After taking a quick look I don’t see an obvious error in your model specification. I have never tried out such hierarchical priors on the SDs so I am not sure how the usually behave, but note that the gamma distribution tends to be unstable at times. It may be worth also trying out alternatives such as a lognormal prior just to see if you can get things working for a start.

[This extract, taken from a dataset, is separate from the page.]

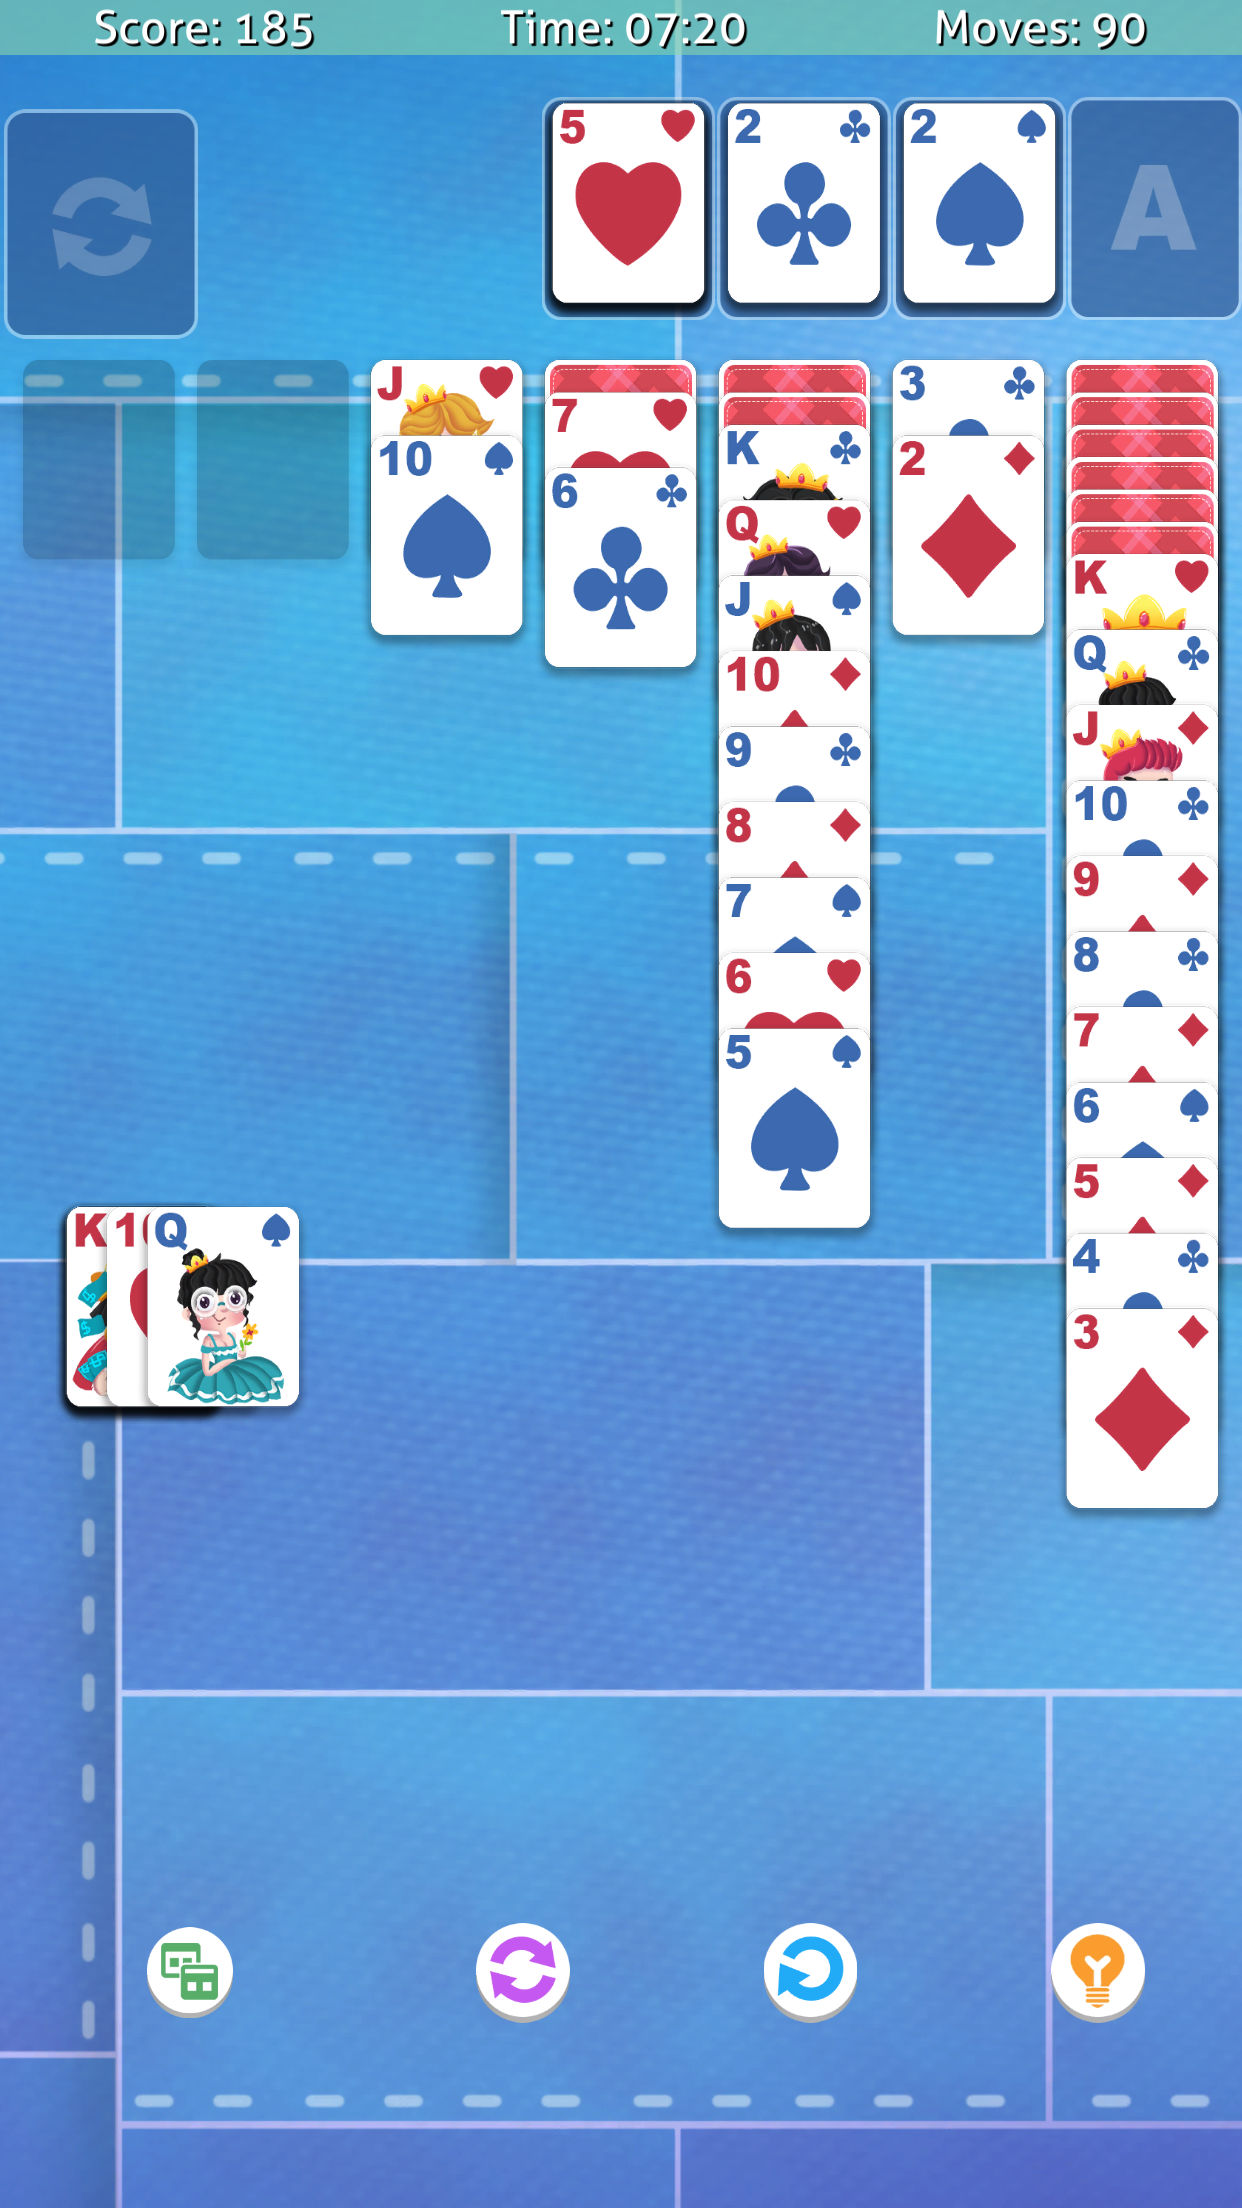 Solitaire #1 / Solitaire Kings Ultimate Game Apple AppStore - Google Play Store Image 3

Hello @paul.buerkner, I encounter this prior problem and here are my questions:

  • How is \sigma scale calculated in t-distribution in brms? In the paper, you said the degrees of freedom \nu is 3 by default, and the second argument, presumably, is the median of the data. But I didn’t find an explanation on how the \sigma is calculated.
  • What default priors do population-level effects b use in brms? If I use get_prior, the prior of b is empty, and I didn’t find the prior information by using make_stancode either.

Thank you in advance for your time and help.

sigma is connected to the SD via SD = nu / (nu - 2) sigma, so it is almost the SD for large nu.

an empty prior means improper flat prior in stan and hence in brms as well.

1 Like

Hi Paul, thank you for your reply.
I still have a problem. I checked my data and the prior, the formula doesn’t seem correct. It is a simple linear model y\sim N(1+x,\tau^2). The prior for the intercept that I got from brms is student_t(3, 84.7, 31.3), where \nu=3, \mu=84.7, and the scale \sigma=31.3. However, the sd of y is 25.6, hence \sigma should be 8.54 according to sd=\frac{\nu}{\nu-2}\sigma.
Did I misunderstand the formula? and may I know why did you choose this formula to calculate \sigma? Thank you so much for your time.

Hi Paul, I still couldn’t get the formula run correctly.

set.seed(123)
x <- rnorm(100)
y <- 1+x
dat <- data.frame(x=x,y=y)
fm <- brmsformula(y~1+x)
get_prior(fm,data=dat)

Then I have the following priros:

    prior                class coef group resp dpar nlpar bound
                             b                                 
                             b    x                            
student_t(3, 1.1, 2.5)   Intercept                                 
student_t(3, 0, 2.5)     sigma

sd(y)= 0.91 and median(y)=1.06. Then the scale should be less than sd.
I couldn’t figure it out. Thank you for your help.